We believe the Episcopal Church must update its marriage rites and
marriage canons to recognize same-gender marriages, civil unions,
and domestic partnerships. As an interim measure, the Episcopal
Church could adopt supplemental liturgical materials that can be
used to bless committed, faithful, same-gender relationships that
may or may not be legal recognized by the state.
As for what specific legislation we'll be supporting at General
Convention in July, the answer is the same as the one above on B033:
The legislation that will pass.
Don’t we need do more theological work around blessing same-sex
relationships?
Actually, what we need more of is attention to the theological work
that has already been done around blessings same-sex relationships.
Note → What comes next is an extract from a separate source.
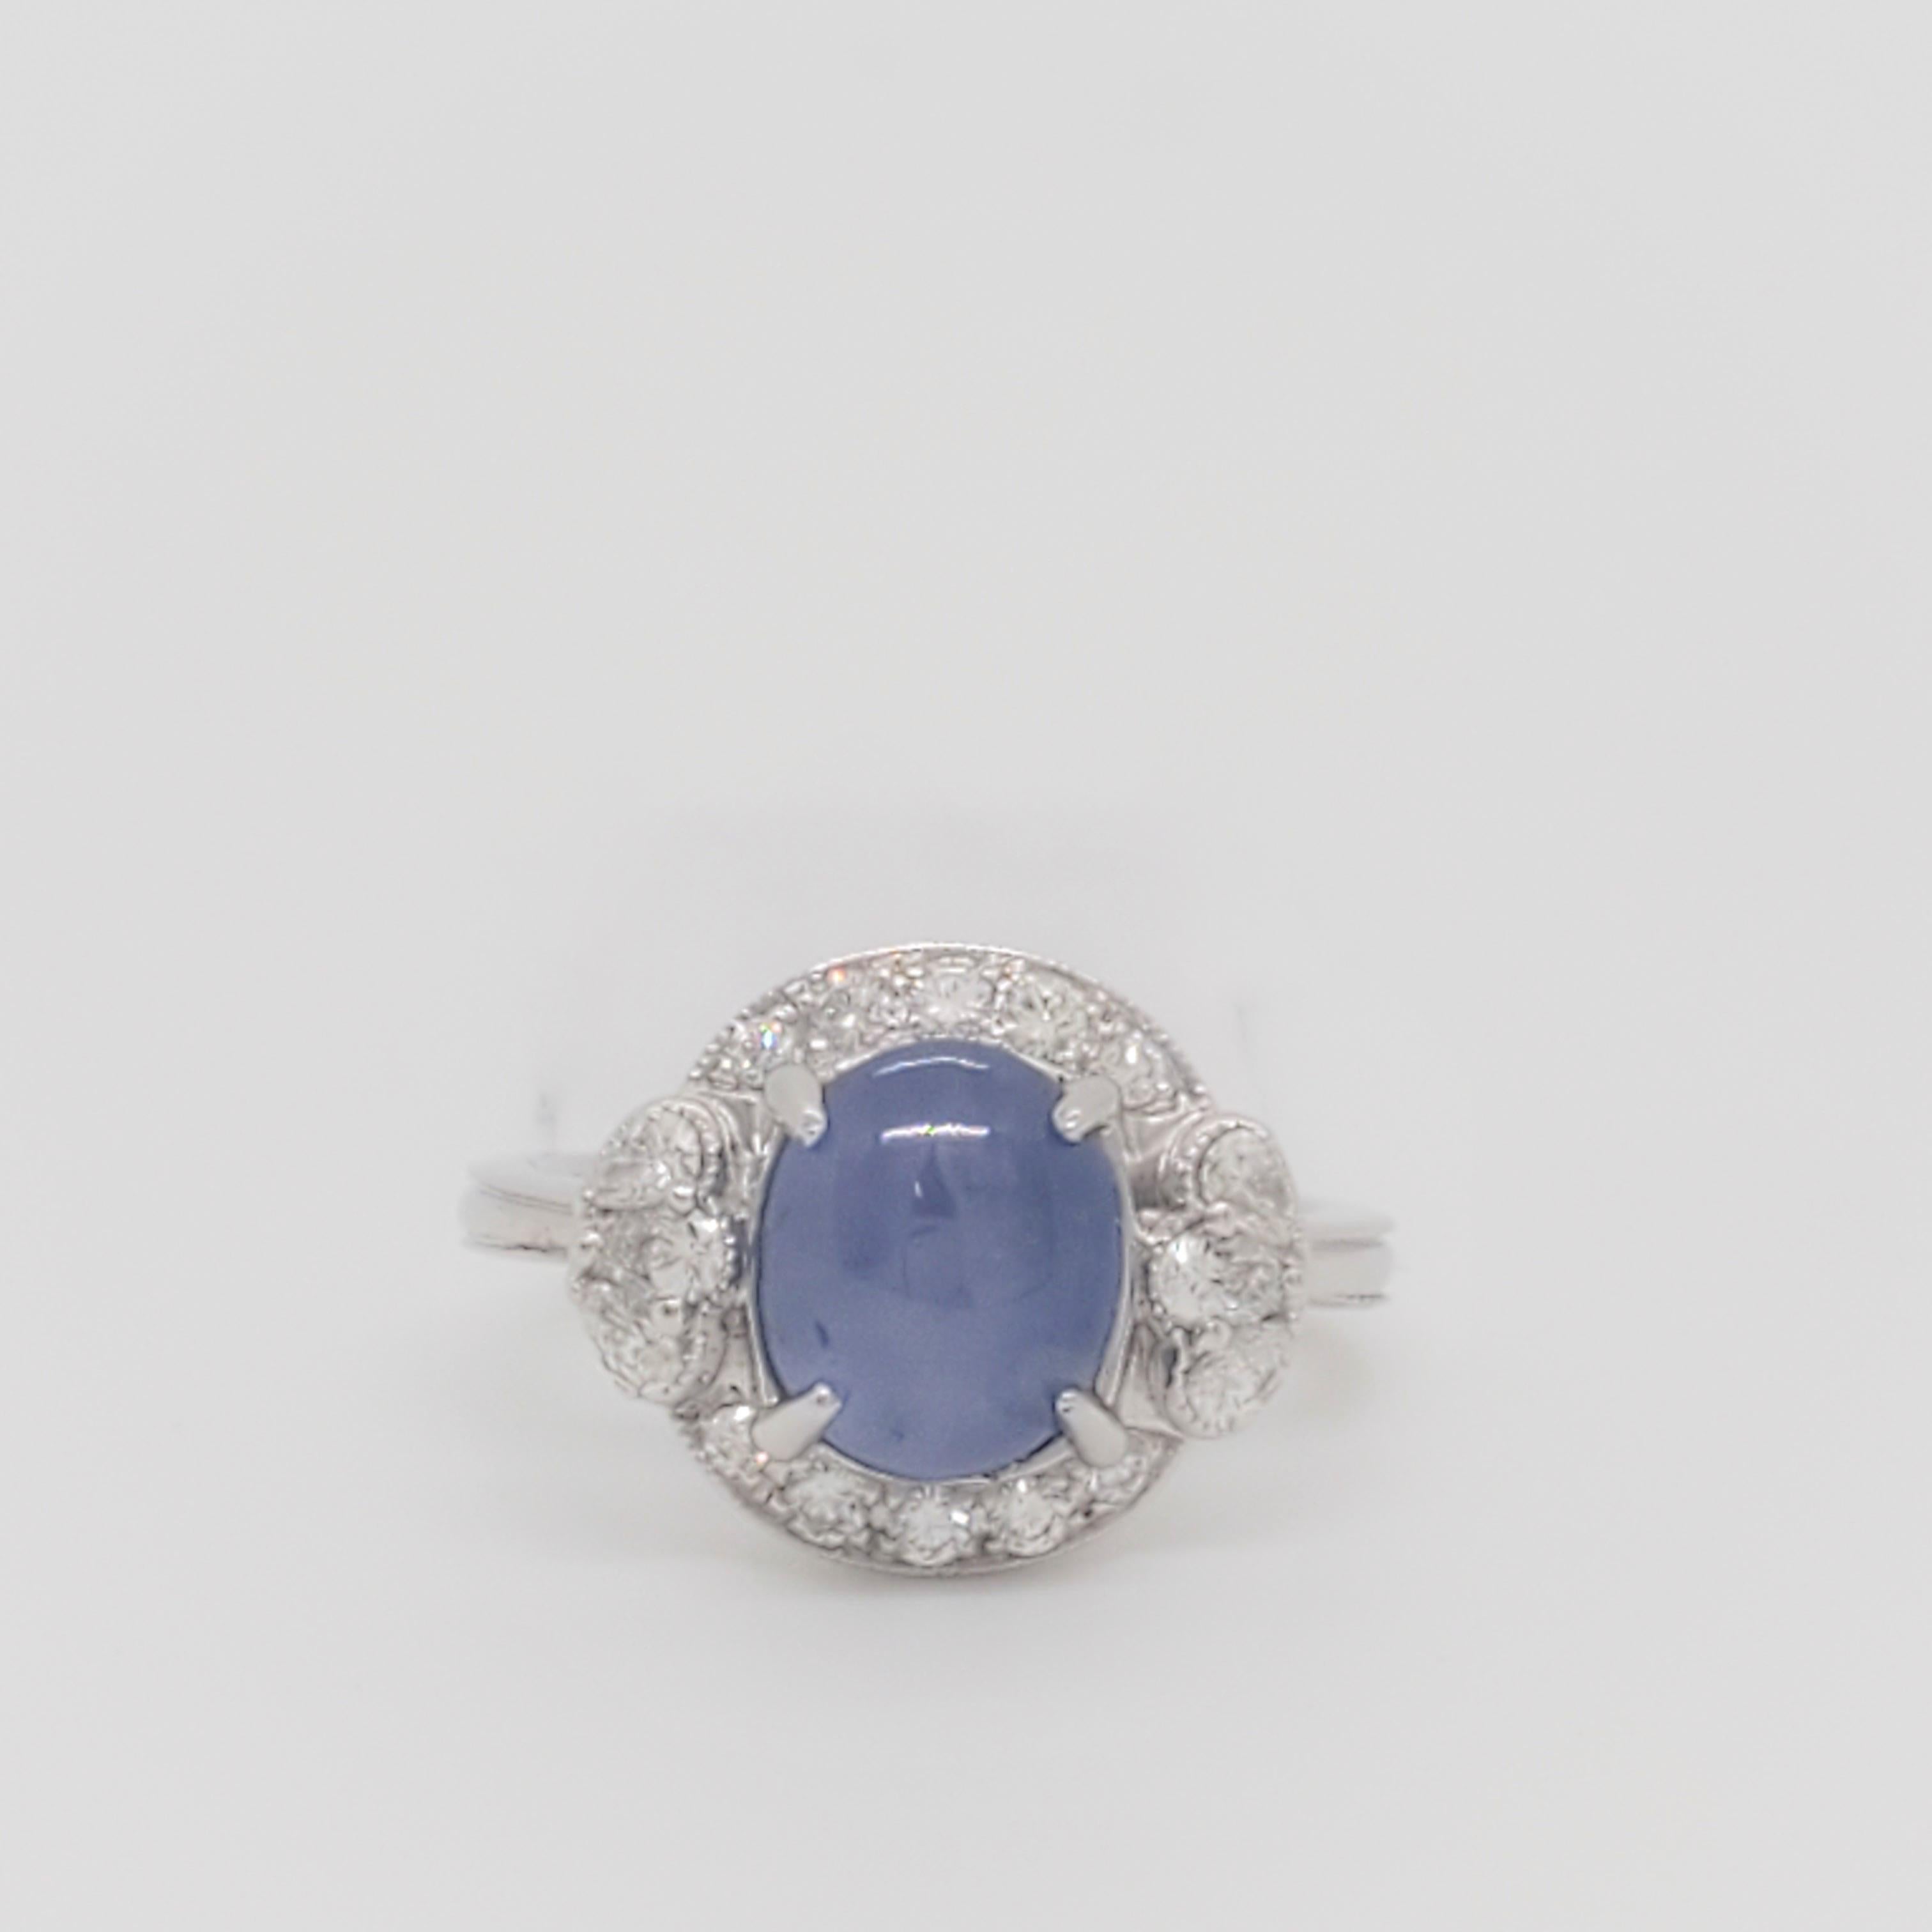 Gorgeous 4.93 ct. blue star sapphire oval cabochon with 0.49 ct. good quality white diamond pear shapes and rounds.  Handmade 18k white gold mounting. Ring size 6.25.

Theological work is always a good thing--but to continue to hold
hostage a percentage of the sacraments from a percentage of the
baptized while we "do more" theology is both unjust and unnecessary.
Or, as Michael Hopkins wrote in the 2002 Claiming the Blessing
Theology Statement: "...is pastorally irresponsible and
theologically unnecessary."
As Ed Bacon, the rector of All Saints Church in Pasadena famously
said, "I'm so glad Mary didn't wait for the formulation of a
Doctrine of the Incarnation before she said 'Yes' to God."
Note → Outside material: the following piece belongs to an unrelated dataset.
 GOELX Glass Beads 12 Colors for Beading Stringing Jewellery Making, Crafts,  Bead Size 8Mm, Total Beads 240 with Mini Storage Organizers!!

Why should the Episcopal Church take a stand on civil marriage
equality?
The Episcopal Church has ALREADY taken a stand on civil marriage
equality.
The explanation for Resolution A095 (passed at GC 2006), we said,
"For at least thirty years, and even as debate about the role of gay
and lesbian people within the Church has continued, successive
General Conventions have recognized the equal claim of gay and
lesbian persons to the civil rights enjoyed by all other persons. In
1994, General Convention (1994-D006) called on all levels of
government to support legislation giving same-sex couples the same
legal protections as non-same-sex married couples. In light of
recent legislative actions in several states, and a proposed federal
constitutional amendment, an affirmation of the Episcopal Church's
support for equal rights is warranted.
Why do we need to update the marriage rites in the Book of Common
Prayer? Why do we need to update the marriage canons?
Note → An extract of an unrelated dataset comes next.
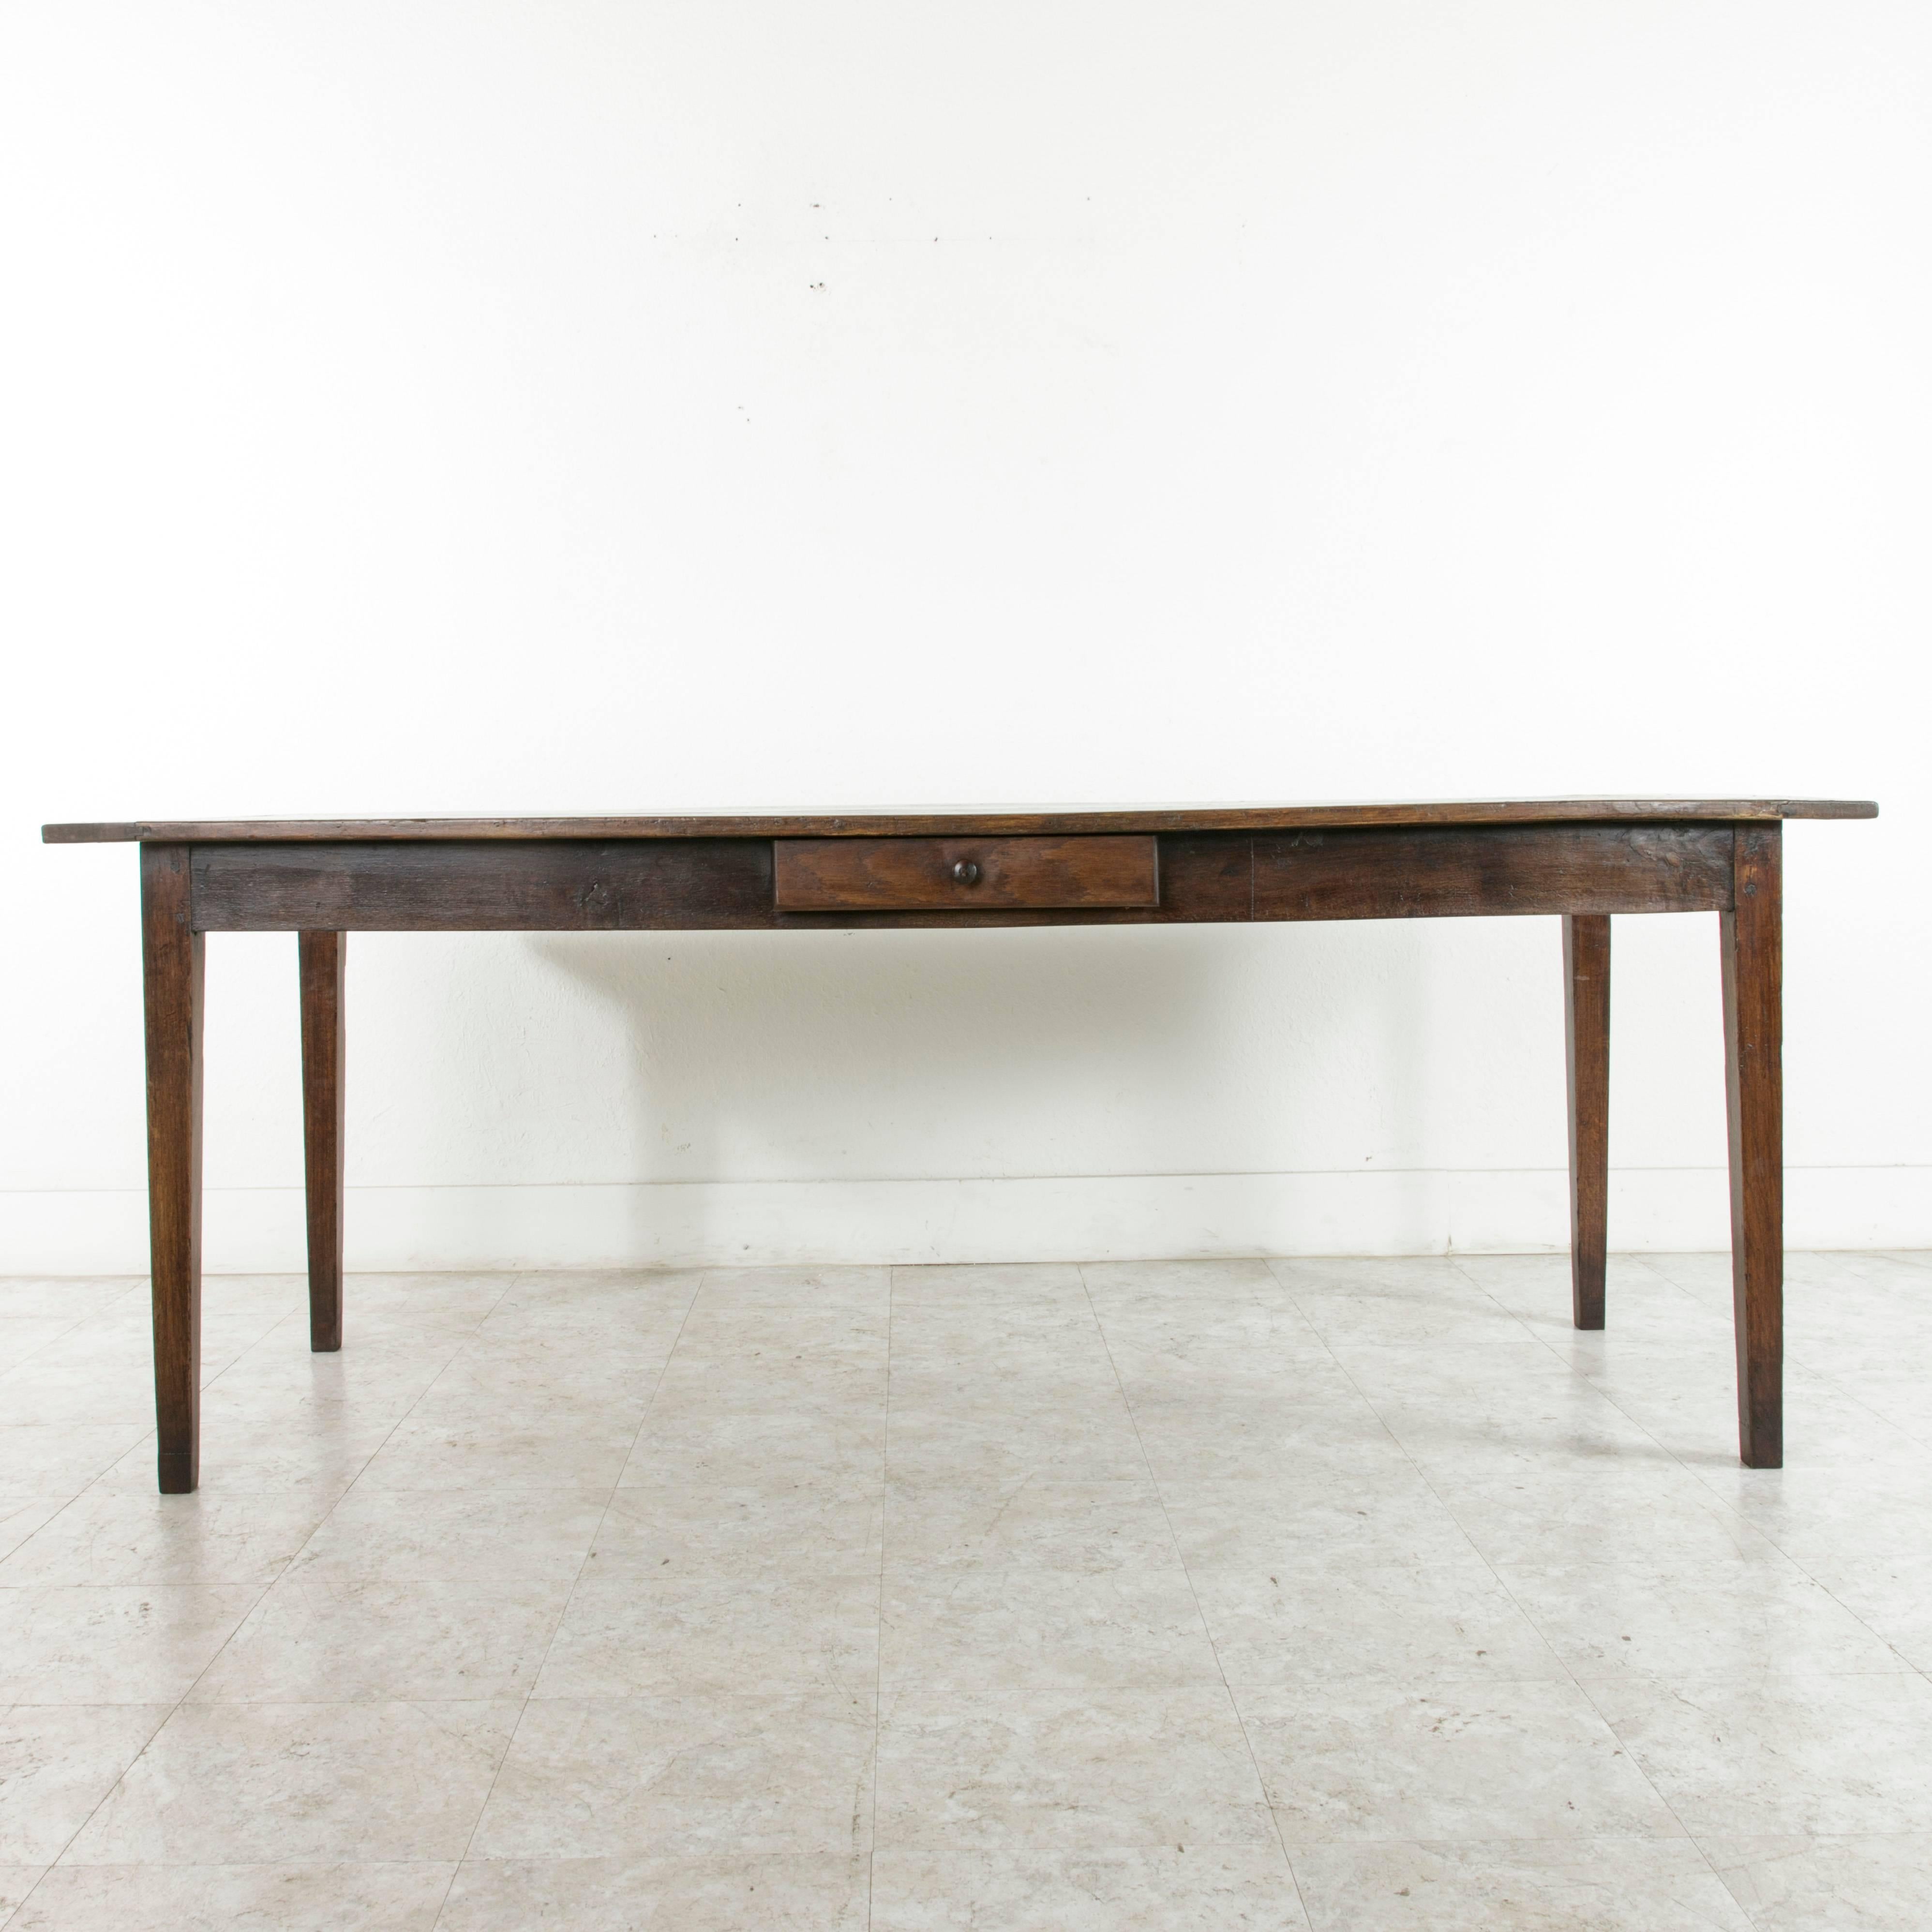 Rustic French Artisan-Made Poplar Farm Table or Dining Table with Single Drawer

There was a time when the ordination rites in the Book of Common
Prayer and our canons on ordination needed to be updated to reflect
the reality that those being ordained as deacons, priests and
bishops in this church were no longer exclusively male. As we live
into the pastoral reality that in many jurisdictions, parish members
entering into civil marriage are no longer exclusively opposite sex
couples, our rites need to be adjusted to reflect the reality in
order to allow us to provide appropriate pastoral care for ALL
members of the Episcopal Church.
Isn't the present approach--some bishops in some dioceses
allowing blessings as a pastoral practice--good enough? Why not
continue with "local option"?
Integrity believes that separate is inherently unequal and "allowing
blessings as pastoral practice" rather than celebrating the full
inclusion of the LGBT faithful in the Body of Christ falls short of
our baptismal promises to strive for peace and justice and to
respect the dignity of every human being. We are a people of "common
prayer" and we are asking for rites for blessing that we hold in
common with the whole church because we want live our lives in the
center of the tradition we love and claim as our own--not on the
fringes or in the closet.
Why do we need a supplemental liturgical rite for blessing
same-gender relationships?
We recognize that the journey to full inclusion is a long one and we
also believe that justice delayed is justice denied. Approving
supplemental liturgical rites for blessings while the church
continues to work through its theology of marriage will offer a
pastoral step forward for those couples still waiting for the
church’s blessing for their already-blessed-by-God relationships. It
will also send a signal that we ARE moving forward toward full
inclusion – even when that movement is slower than we might like.